Zunächst: Er ist an kein besonderes Amt oder an einen besonderen hauptamtlichen Dienst in der Kirche gebunden, auch wenn diejenigen dafür besonders ausgebildet und dann dazu auch berufen bzw. angestellt sind. Zu dem Dienst, von Gottes anbrechendem Reich zu erzählen, ist jeder beauftragt. Und dies kann auch jeder, der Pflänzchen des anbrechenden Gottesreiches in seinem Leben oder um sich herum wahrnimmt. Wenn beispielsweise Menschen in ihrem Elend aufleben, getrost weiterleben können, von neuer Hoffnung erfüllt werden, die Last von Schuld loswerden und vieles mehr. „Geht“, sagt Jesus, „gebt meine Botschaft, mein Evangelium vom anbrechenden Reich Gottes weiter. Geht und erzählt, was ihr erfahren habt als Zeichen des anbrechenden Reiches.“
Geht heißt nicht, wartet, bis jemand kommt oder wir zufälligerweise jemandem begegnen, mit dem wir darüber reden können. Gehen, hingehen heißt dann z.B. Besuche machen. Früher machte der Pfarrer bzw. die Pfarrerin regelmäßig und fast nur allein Hausbesuche, nicht nur bei hohen Geburtstagen. Gott sei Dank bildeten sich in vielen Kirchgemeinden dann auch Besuchskreise. Nach meinen Erfahrungen ging es in den Vorbereitungen der Teilnehmer jedoch eher um Gesprächsführung und äußere Dinge, die zu beachten wären. Die sind freilich auch wichtig. Doch nur sehr wenig wurden sie befähigt, über ihren eigenen Glauben und ihre Erfahrungen mit ihm gegenüber anderen zu reden. Und das ist insgesamt ein ziemliches Problem. Wir Christen scheuen uns davor, über unseren eigenen Glauben zu reden und darüber, wie Gott, wie Jesus Christus in unser Leben getreten ist und wir ihm immer wieder begegnen in seinem Herrsein, in seiner heilmachenden Kraft. Manche scheuen sich sogar gegenüber ihren Kindern und Enkelkindern, Geschichten aus der Bibel zu erzählen, Jesusgeschichten und Geschichten über Erfahrungen mit Gott im eigenen Leben. Es mag viele Gründe für unsere Zurückhaltung geben – nicht nur, dass viele über uns dann den Kopf schütteln und uns zu verstehen geben, davon doch nichts hören zu wollen.
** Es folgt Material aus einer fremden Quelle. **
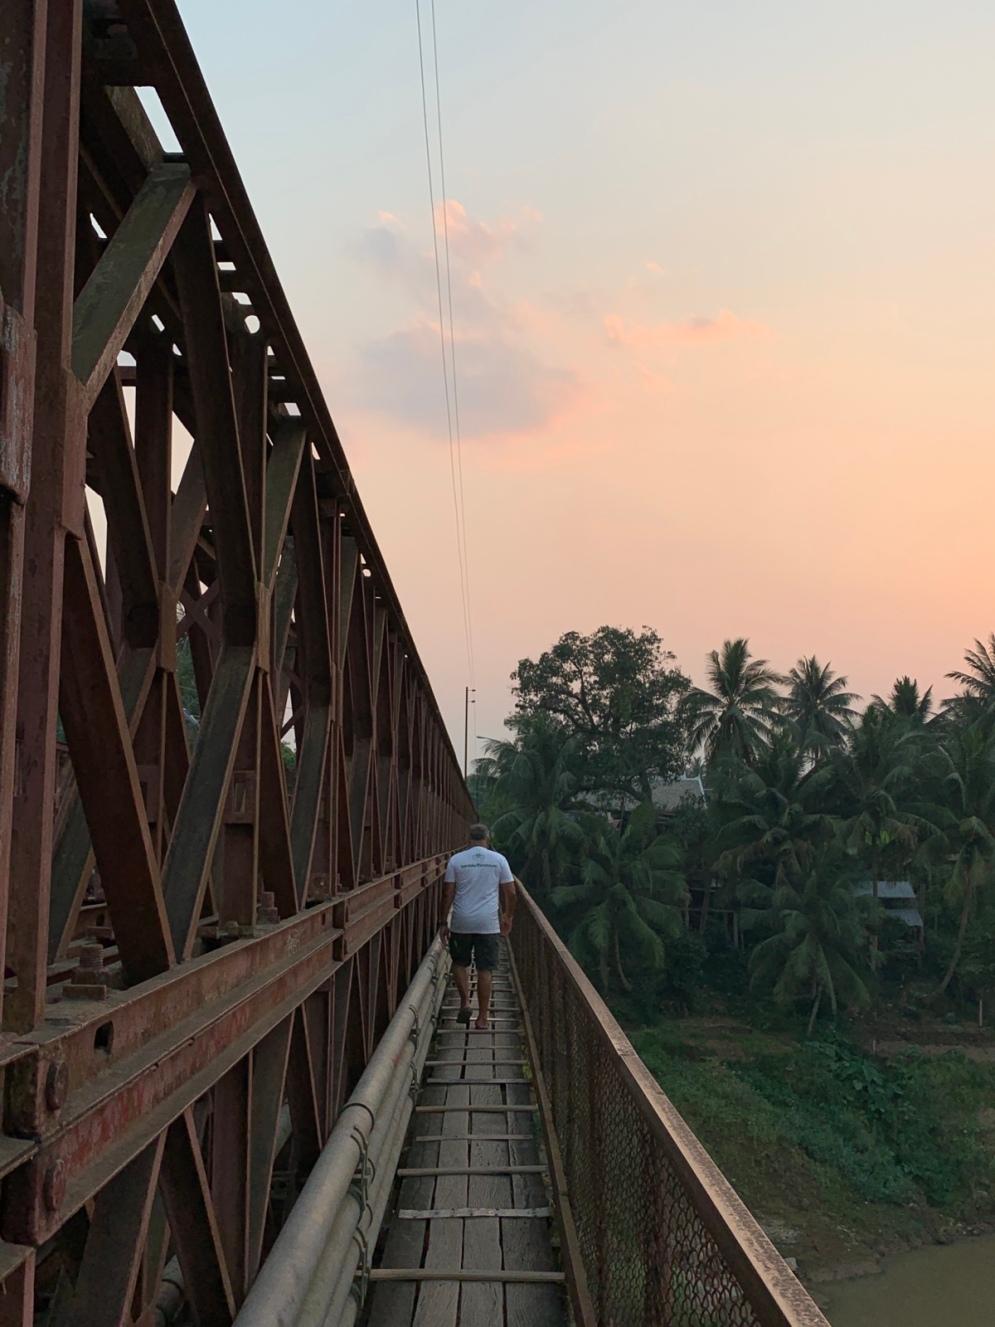 Walking along the Old Bridge by dusk

Vielleicht fällt es manchem jedoch leichter, wenn er bzw. sie sich bewusst macht, dass es allein wichtig ist, Jesu Botschaft vom anbrechenden Reich Gottes weiterzusagen, damit diese Botschaft auch bei anderen wirken kann. Und welche Freude kommt dann auf, wenn das Evangelium und die eigenen Glaubenserfahrungen von denen, die das hören, nicht abgewiesen wird, sondern ankommt, in ihr Herz gelangt und ihr Leben verändert. Es freut uns, wenn auch sie das Herrsein Gottes gelten lassen und diesem Herrn vertrauen und so in dieser Welt, in der wir in welcher Weise auch immer viel Elend und Not erfahren, dem nicht mehr wehrlos ausgeliefert sind. Es freut uns, wenn auch sie zu Jesus Christus und mit ihm zum Herrn der Welt gehören, der auch ihnen in seiner unermesslichen Liebe den nötigen Halt und die Kraft gibt, dem zu widerstehen. Es freut uns, wenn sie zu dem Herrn gehören, der bereits alles Leid und den Tod überwunden hat und der will, dass alle Menschen solch neues Leben bekommen. Das alles sollte uns doch immer wieder helfen, die inneren Blockaden zu überwinden, und Mut machen, das zu tun, was Jesus von uns getan haben will: Geht und verkündet: Das Himmelreich ist nahe.